◆ What the task asks
Everything in the records below except the images should be output exactly as written.

** Opening Supplied material block **

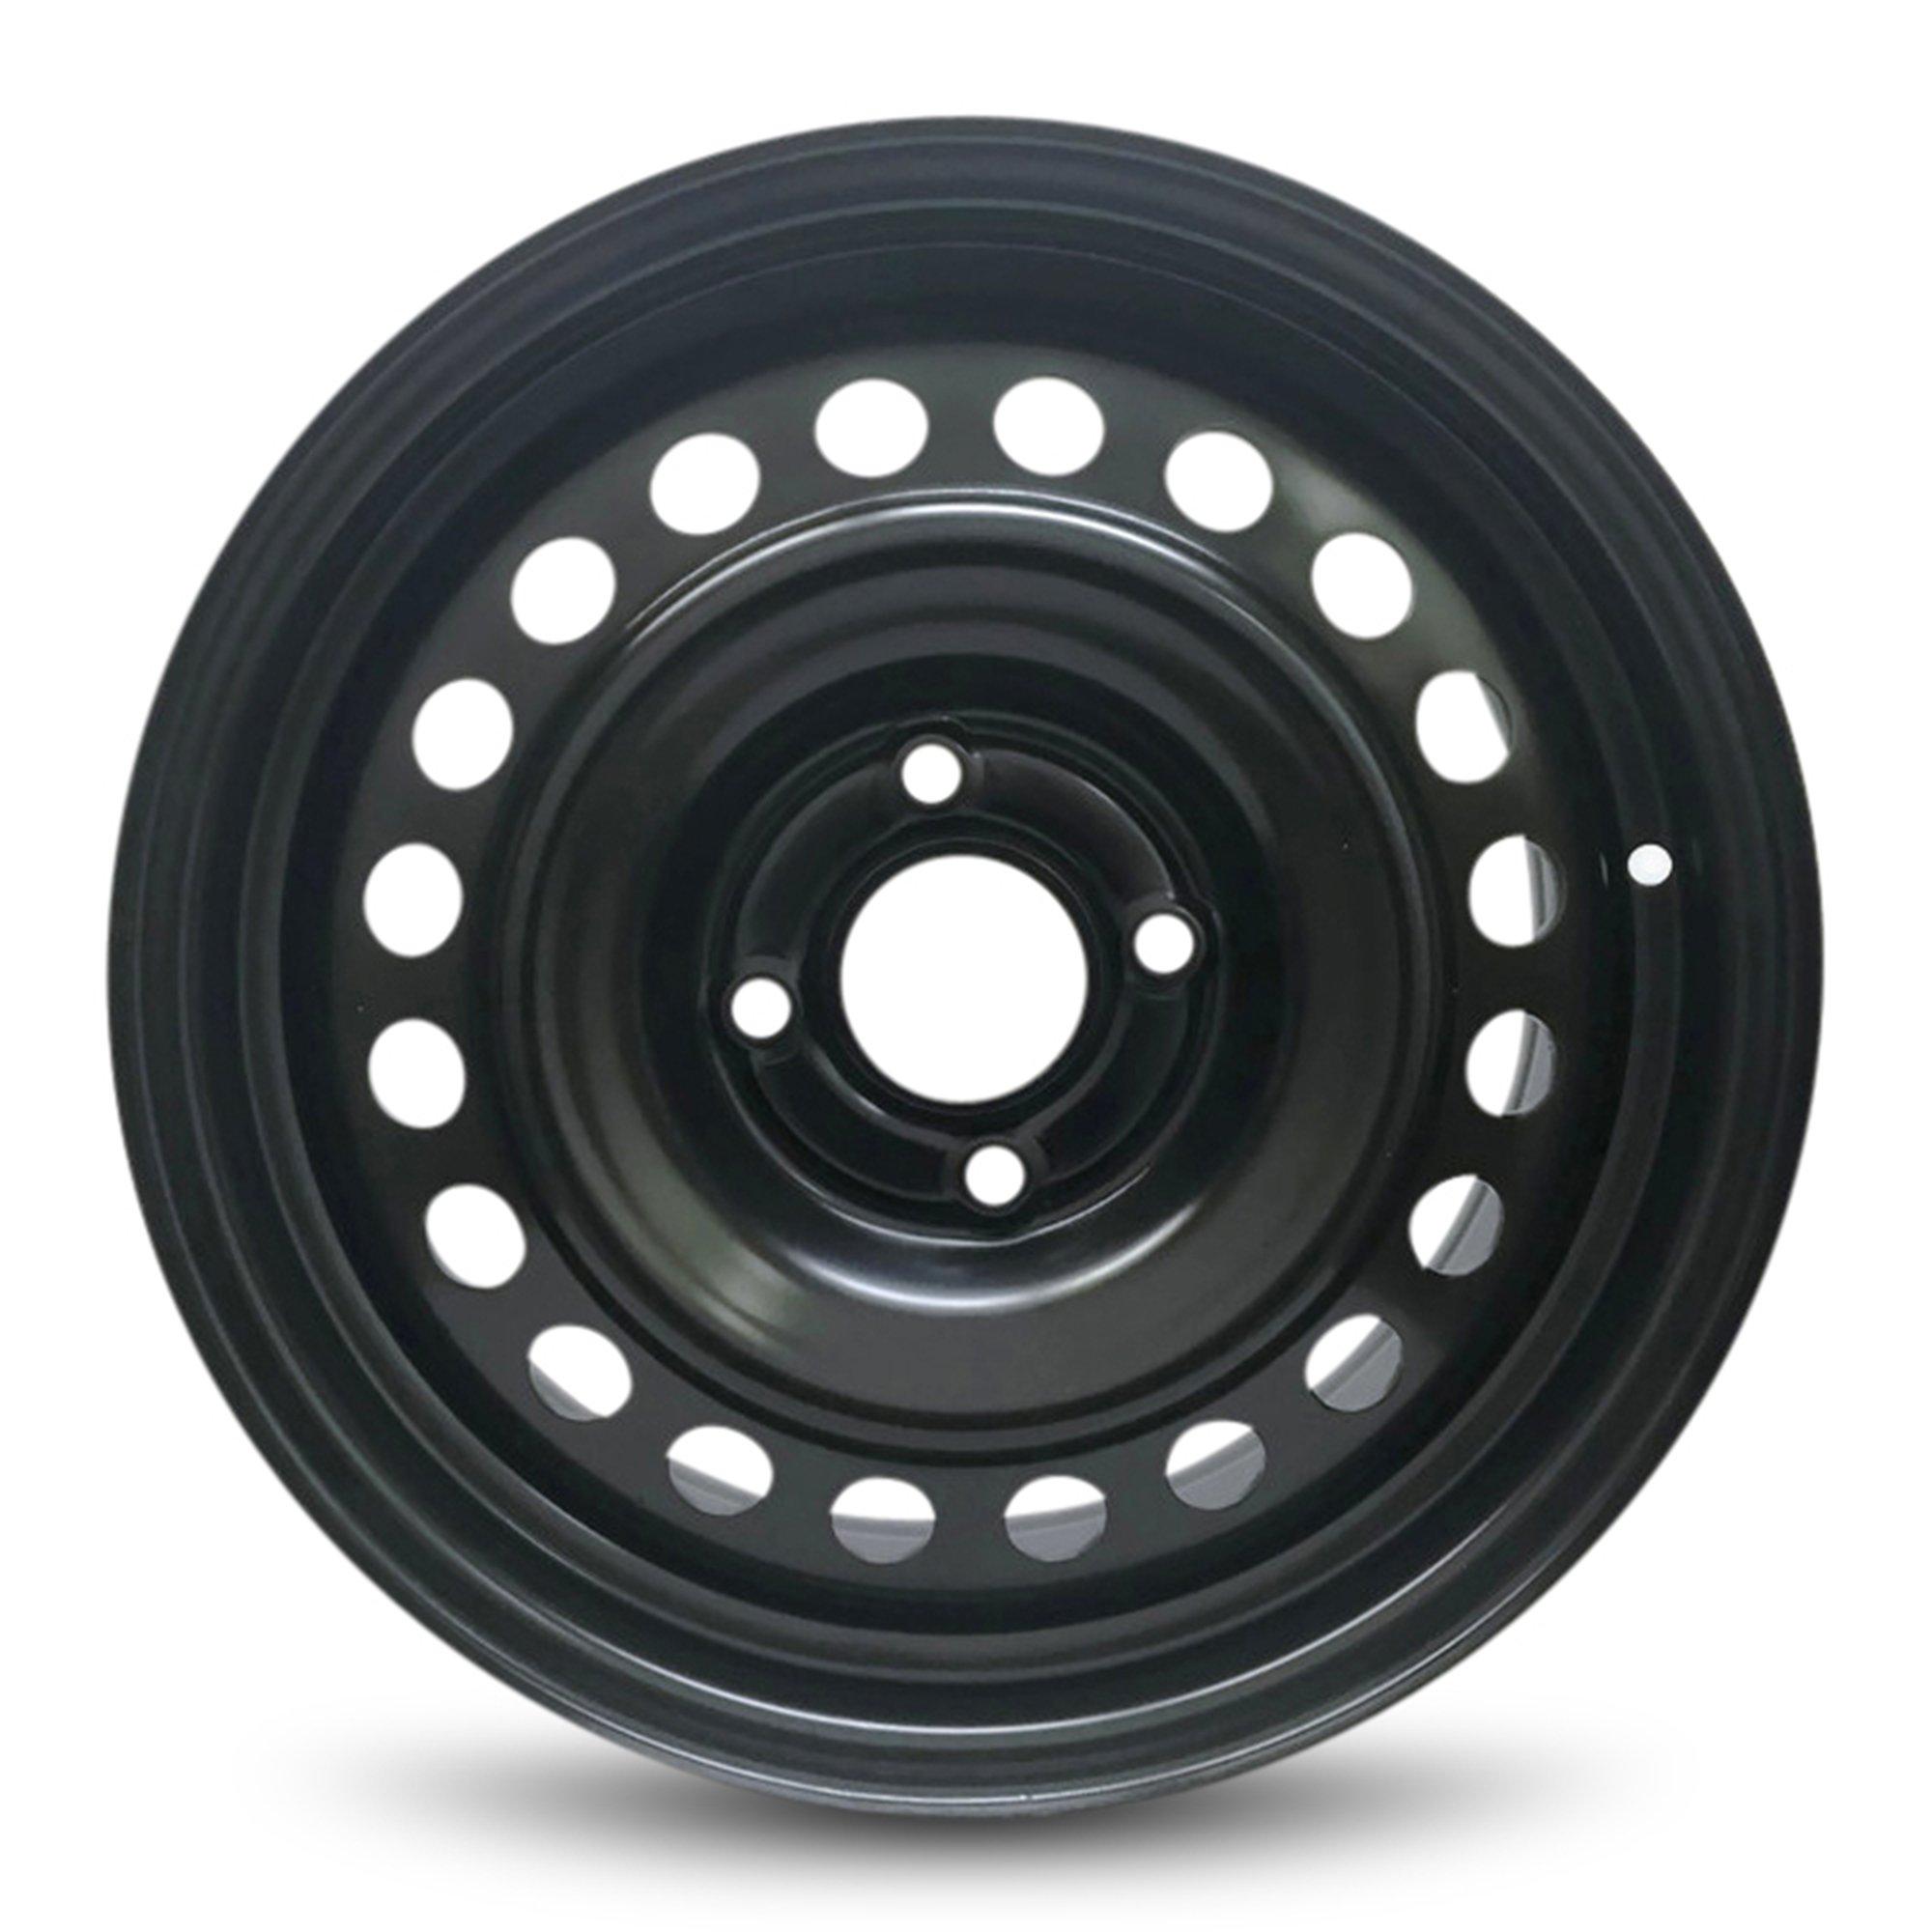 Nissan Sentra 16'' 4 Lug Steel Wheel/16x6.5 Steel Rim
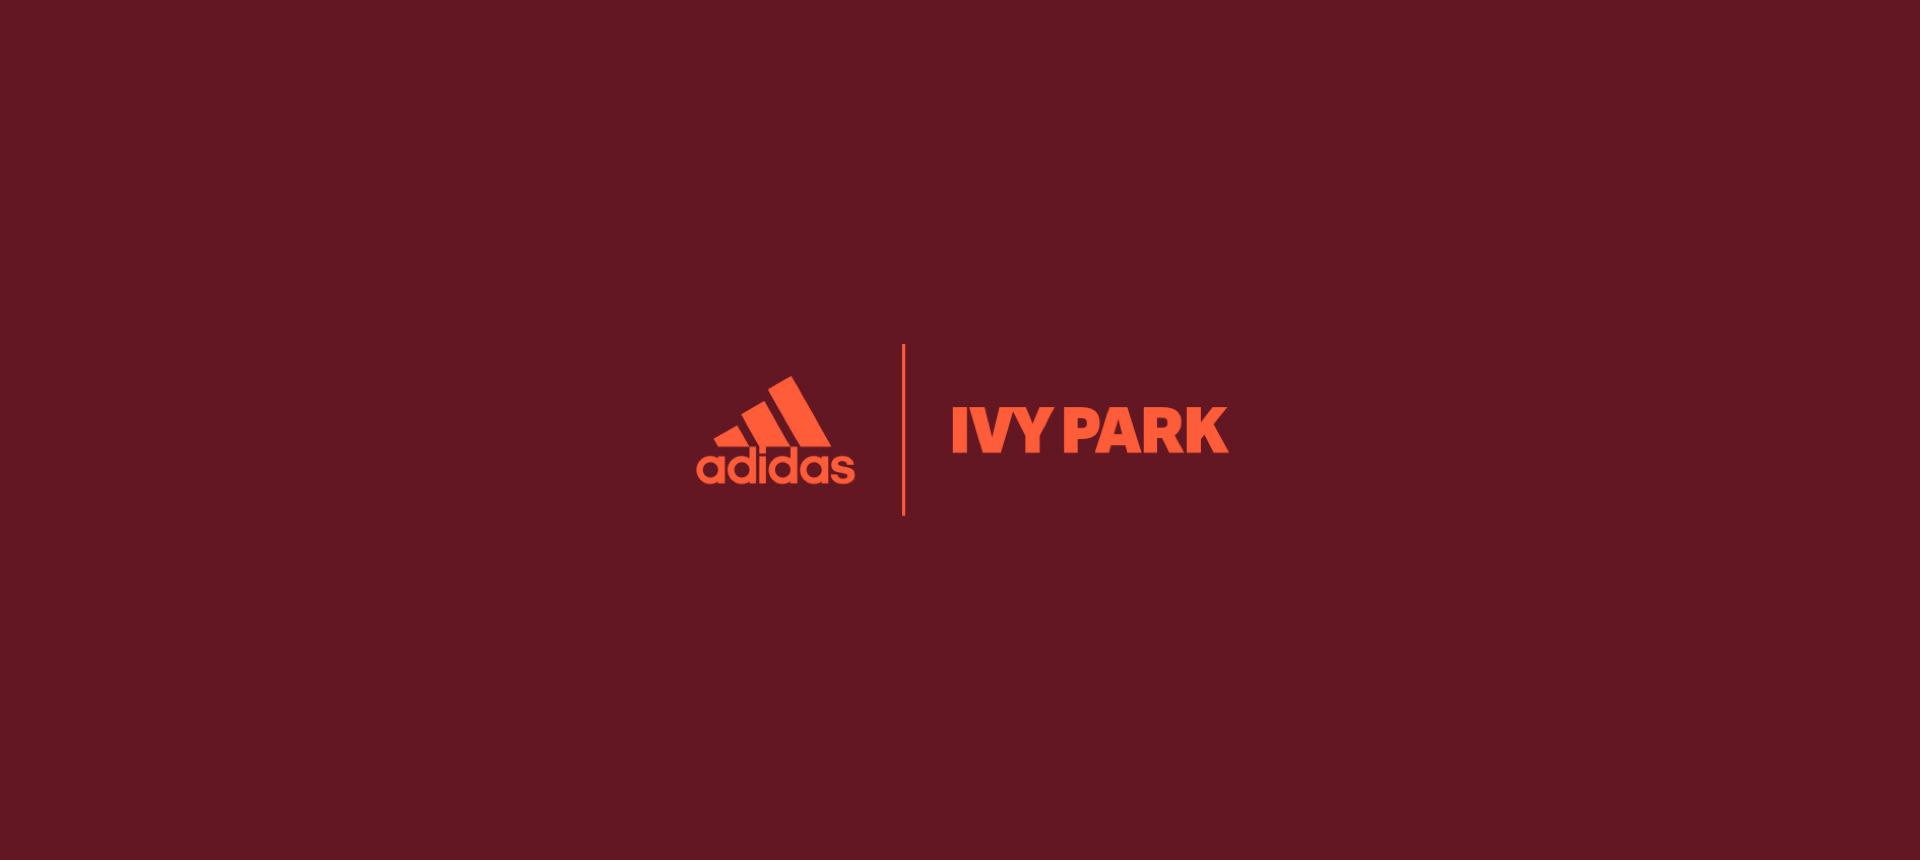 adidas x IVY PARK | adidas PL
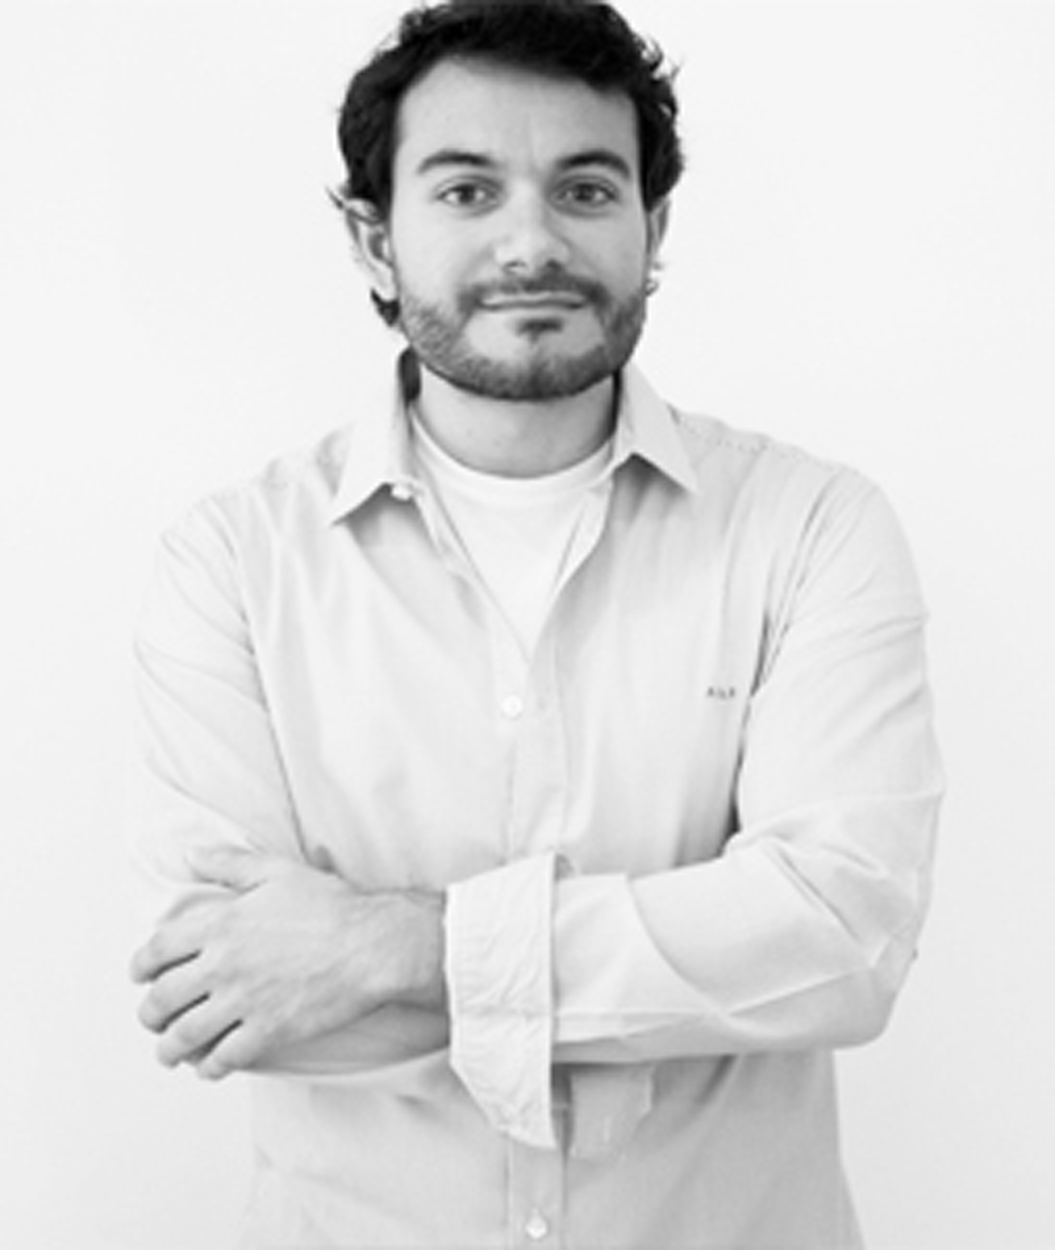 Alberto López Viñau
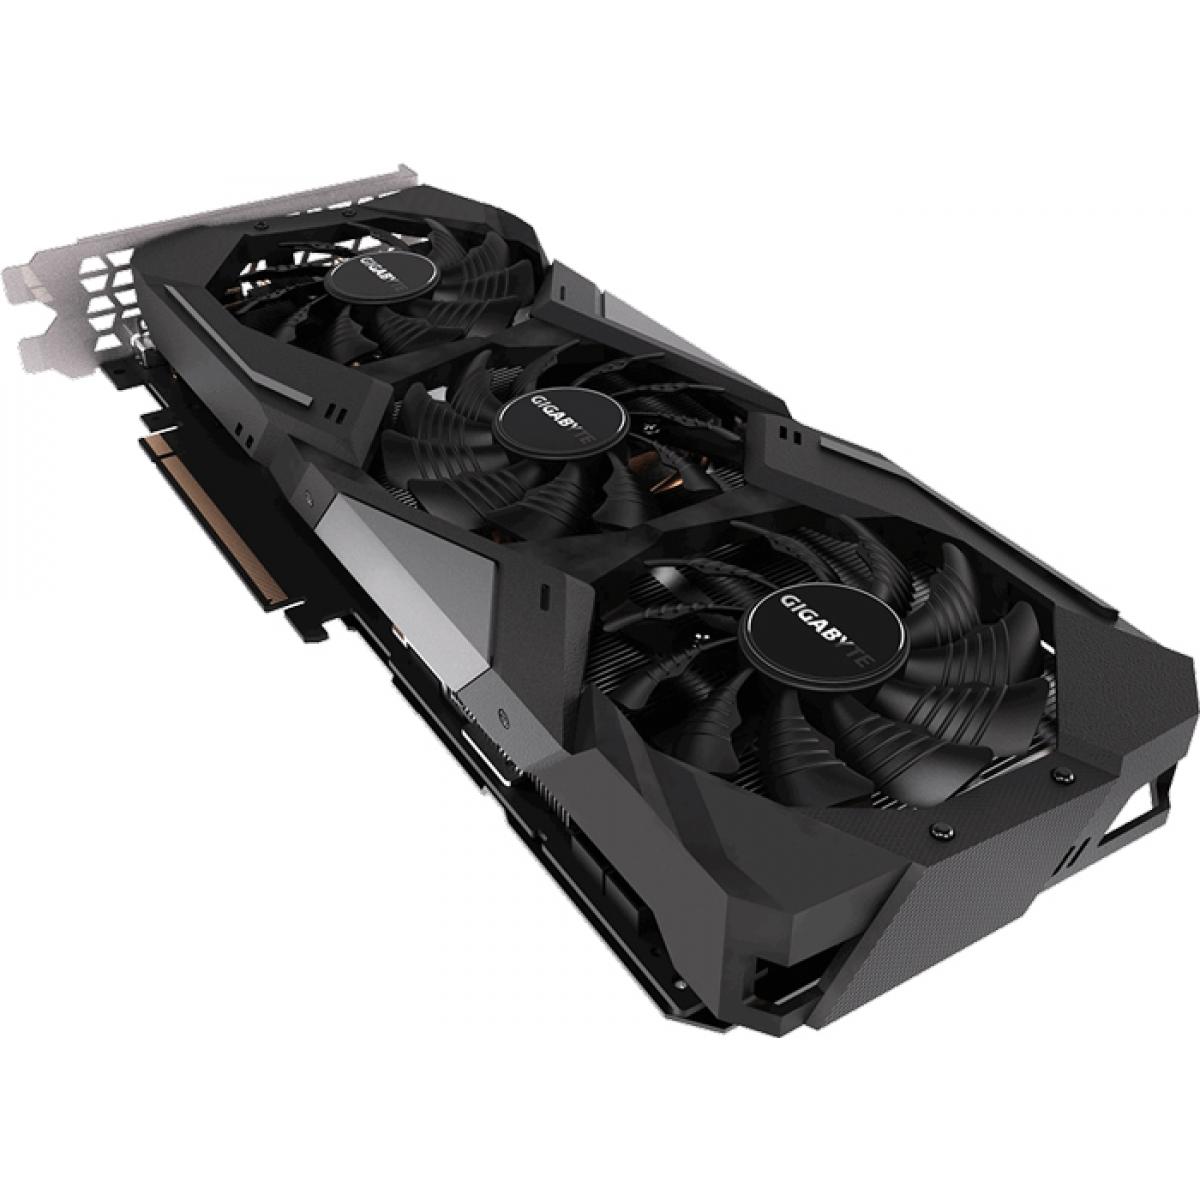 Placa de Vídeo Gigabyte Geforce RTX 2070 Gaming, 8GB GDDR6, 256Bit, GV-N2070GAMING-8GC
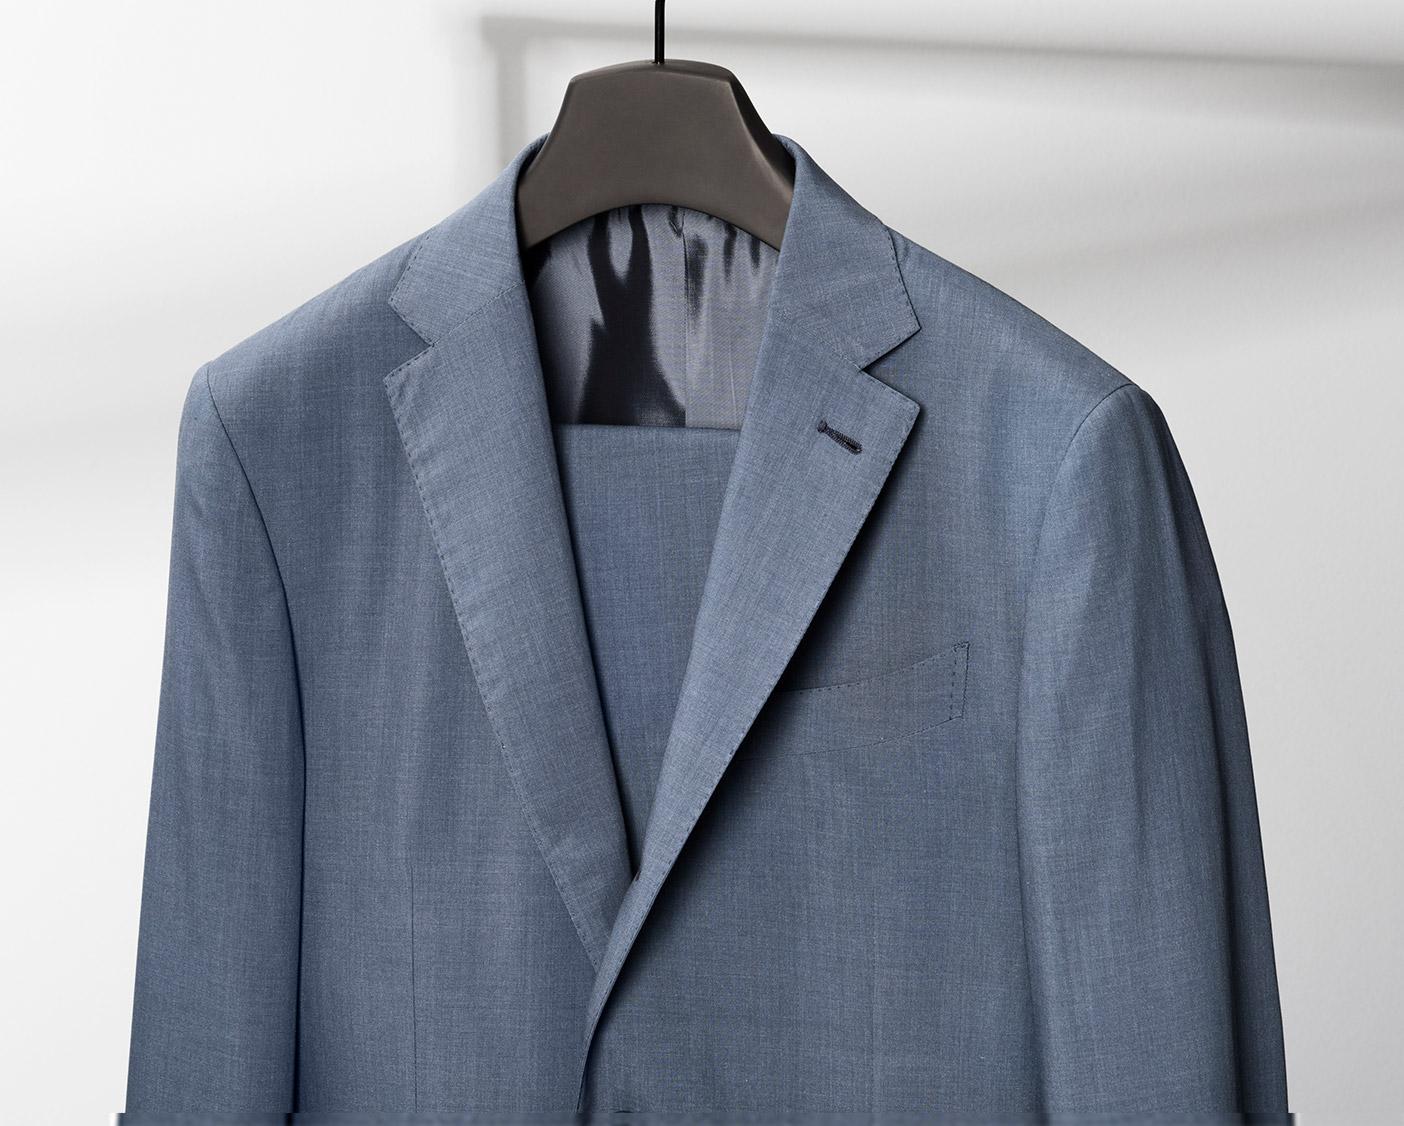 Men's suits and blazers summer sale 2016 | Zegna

** Closing Supplied material block **

◆ Written solution
 Nissan Sentra 16'' 4 Lug Steel Wheel/16x6.5 Steel Rim
 adidas x IVY PARK | adidas PL
 Alberto López Viñau
 Placa de Vídeo Gigabyte Geforce RTX 2070 Gaming, 8GB GDDR6, 256Bit, GV-N2070GAMING-8GC
 Men's suits and blazers summer sale 2016 | Zegna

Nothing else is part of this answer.